Я заметил, что вакуум даже медленный локально. Вы можете клонировать репозиторий Delta, запустить набор тестов на своем локальном компьютере и убедиться в этом сами.
Удаление сотен тысяч файлов, хранящихся в S3, происходит медленно, даже если вы используете AWS CLI . Вы должны посмотреть, сможете ли вы провести рефакторинг операции сжатия, чтобы создать меньше файлов, которые нужно очистить.
Предположим, ваша цель - создать файлы размером 1 ГБ. Возможно, у вас есть 15 000 файлов размером в один гигабайт и 20 000 файлов небольшого размера. Прямо сейчас ваша операция уплотнения перезаписывает все данные (поэтому все 35 000 исходных файлов необходимо очистить после сжатия). Попробуйте выполнить рефакторинг своего кода, чтобы сжать только 20 000 небольших файлов (так что операция вакуумирования должна удалить только 20 000 файлов).
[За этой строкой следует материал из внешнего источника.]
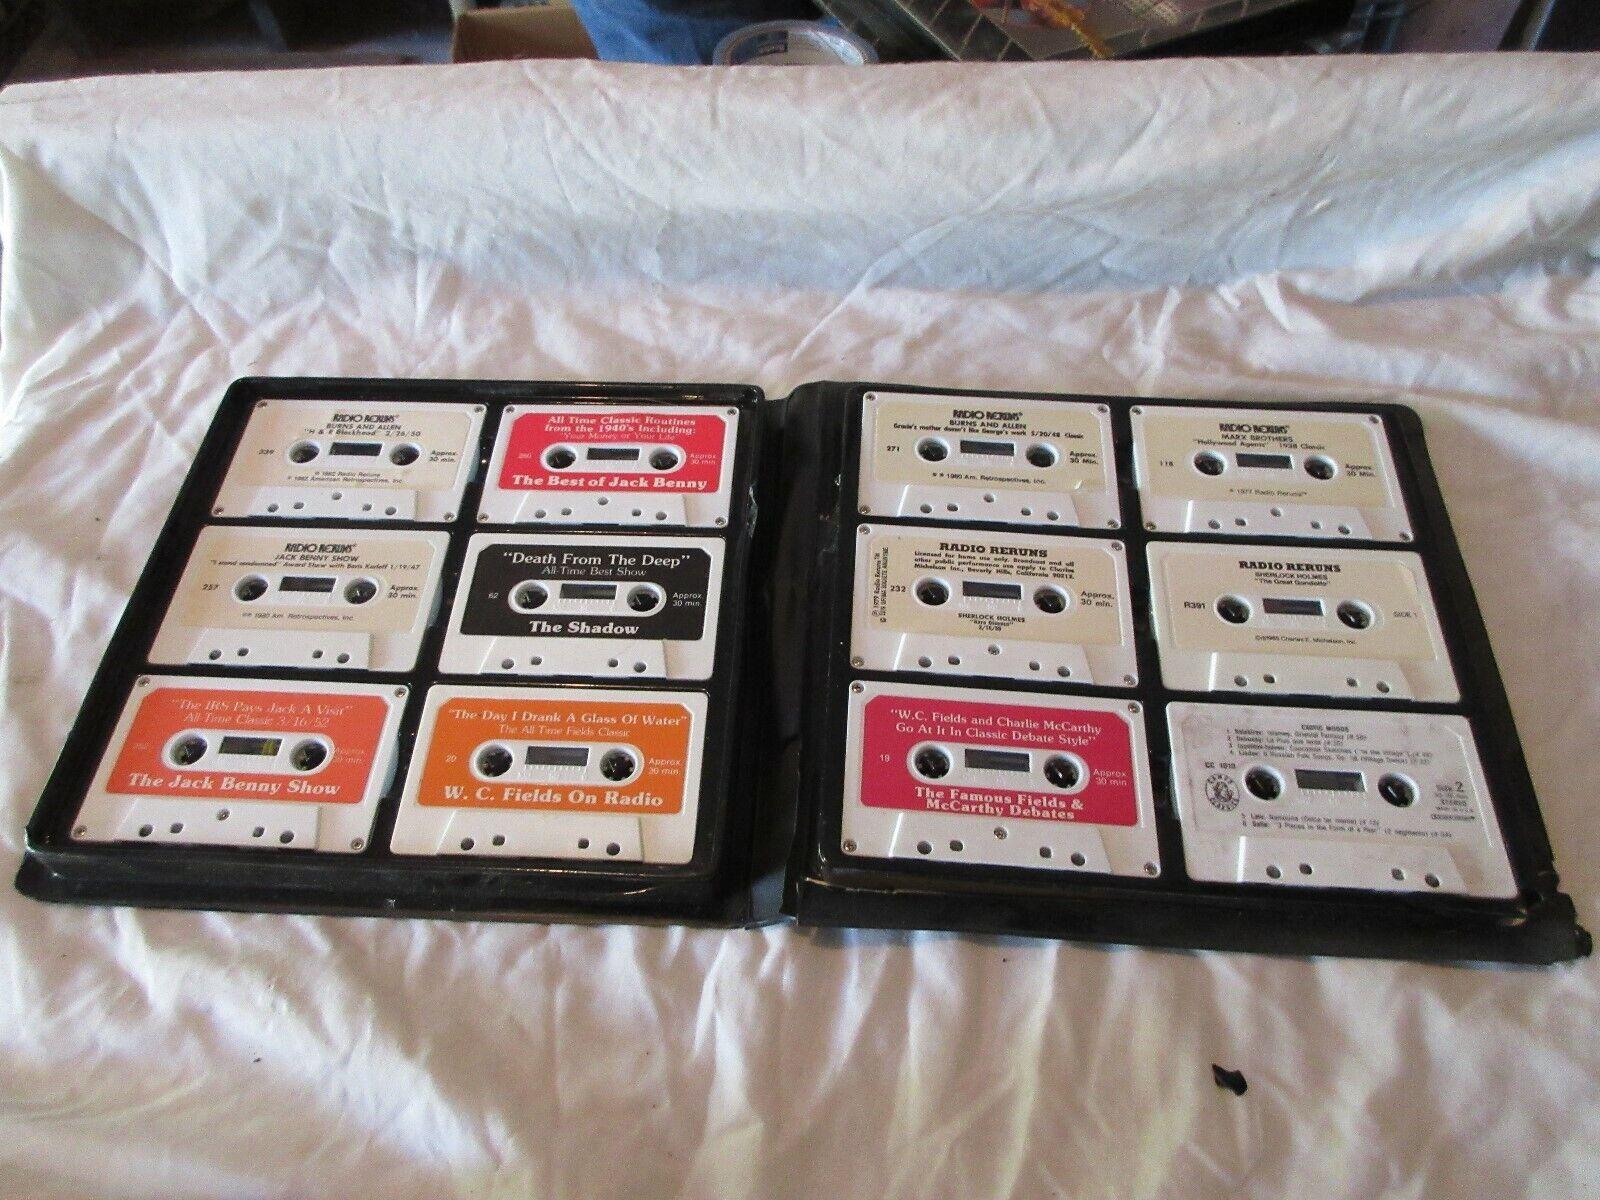 Radio Reruns on Cassette, Vintage Entertainment Memorab

Реальное решение - создать команду очистки, оптимизированную для AWS. Delta Lake должна работать со всеми популярными облаками и локальной файловой системой. Должно быть довольно легко создать библиотеку с открытым исходным кодом, которая читает журнал транзакций, определяет, какие файлы необходимо удалить, выполняет эффективный вызов API удаления файлов, а затем записывает запись в журнал транзакций, совместимую с Delta. Может быть, я сделаю это репо;)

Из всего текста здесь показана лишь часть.